More recently, we use molecular tools and mouse models to study endotrophin. By using a doxycycline-inducible endotrophin overexpression model we demonstrate that endotrophin serves as a powerful co-stimulator of pathologically relevant pathways within the unhealthy adipose tissue milieu, triggering fibrosis and inflammation and ultimately leading to enhanced insulin resistance. We further demonstrate that blocking endotrophin with a neutralizing antibody ameliorates the adverse effects in adipose tissue and effectively reverses metabolic dysfunction induced by high-fat diet. All these exciting observations in our lab highlight endotrophin as an attractive target for obesity and type 2 diabetes.
- Zhao YS, Gu X, Zhang NY, Kolonin MK, An ZQ, Sun K. (2016). Divergent Functions of Endotrophin on Different Cell Populations in Adipose Tissue. AJP-Endo &Metab. 311(6):E952-E963.
- Sun K, Park J, Gupta O, Holland WL, Auerbach PL, Zhang N, Marangoni RG, Nicoloro SM, Czech MP, Varga J, Ploug T, An ZQ and Scherer PE.(2014). Endotrophin triggers adipose tissue fibrosis and metabolic dysfunction. Nature Commun. 5:3485.
- Sun K, Tordjman J, Clément K, and Scherer PE . (2013). Fibrosis and adipose tissue dysfunction. Cell Metab. 18(4):470-7.
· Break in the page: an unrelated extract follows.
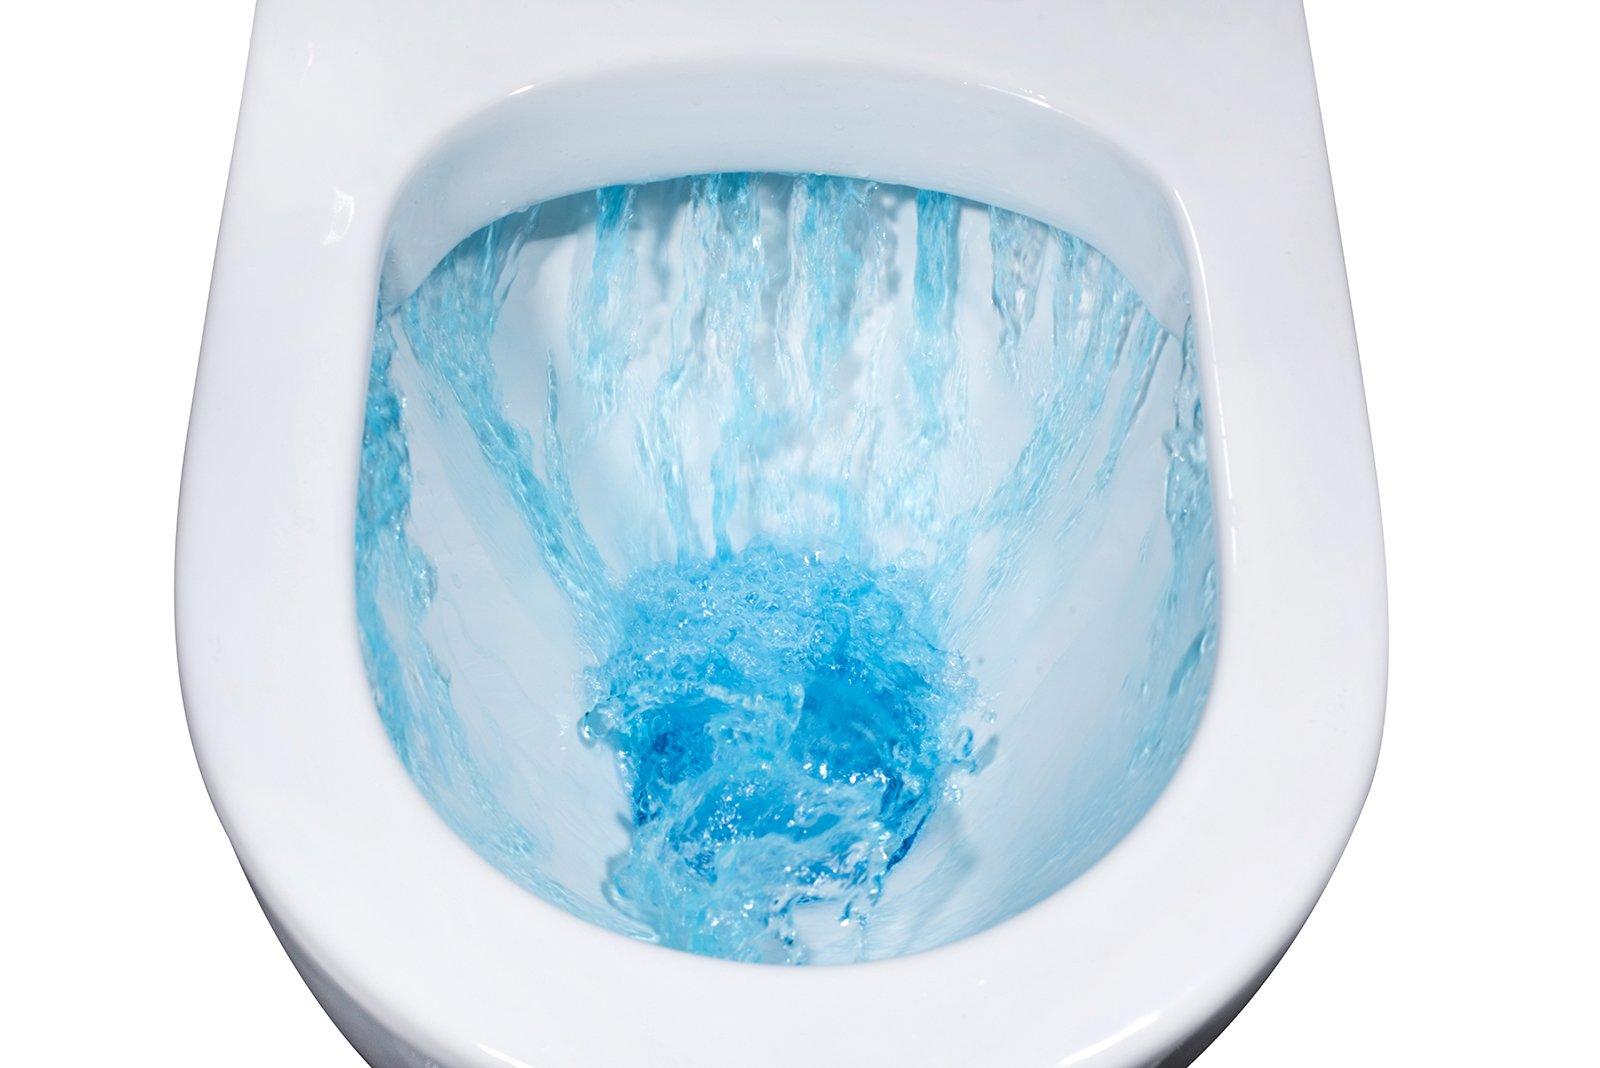 Spülrandloses Wand-Hänge WC B-8030R Weiß - mit Nano-Beschichtung - inkl. Softclose-Deckel zoom thumbnail 3

- He C, Wei Y*, Sun K*, Li B*, Zou Z, Liu Y, Kinch LN, Khan S, Xavier RJ, Grishin NV, Xiao G, Eskelinen EL, Scherer PE, Whistler JL, and Levine B. (2013). Beclin 2 functions in autophagy, degradation of G protein-coupled receptors, and metabolism. (* contributed equally). Cell. 154(5):1085-99.
- Sun K, Wernstedt Asterholm I, Kusminski CM, Bueno AC, Wang ZV, Pollard JW, Brekken RA, Scherer PE. (2012). Dichotomous effects of VEGF-A on adipose tissue dysfunction. Proc Natl Acad Sci U S A. 109(15):5874-9.
- He C, Bassik MC, Moresi V, Sun K, Wei Y, Zou Z, An Z, Loh J, Fisher J, Sun Q, Korsmeyer S, Packer M, May HI, Hill JA, Virgin HW, Gilpin C, Xiao G, Bassel-Duby R, Scherer PE, and Levine B. (2012). Exercise-induced BCL2-regulated autophagy is required for muscle glucose homeostasis.Nature. 481(7382):511-5.
- Sun K, Kusminski CM, Scherer PE. (2011). Adipose tissue remodeling and obesity. J Clin Invest. 121 (6): 2094-101.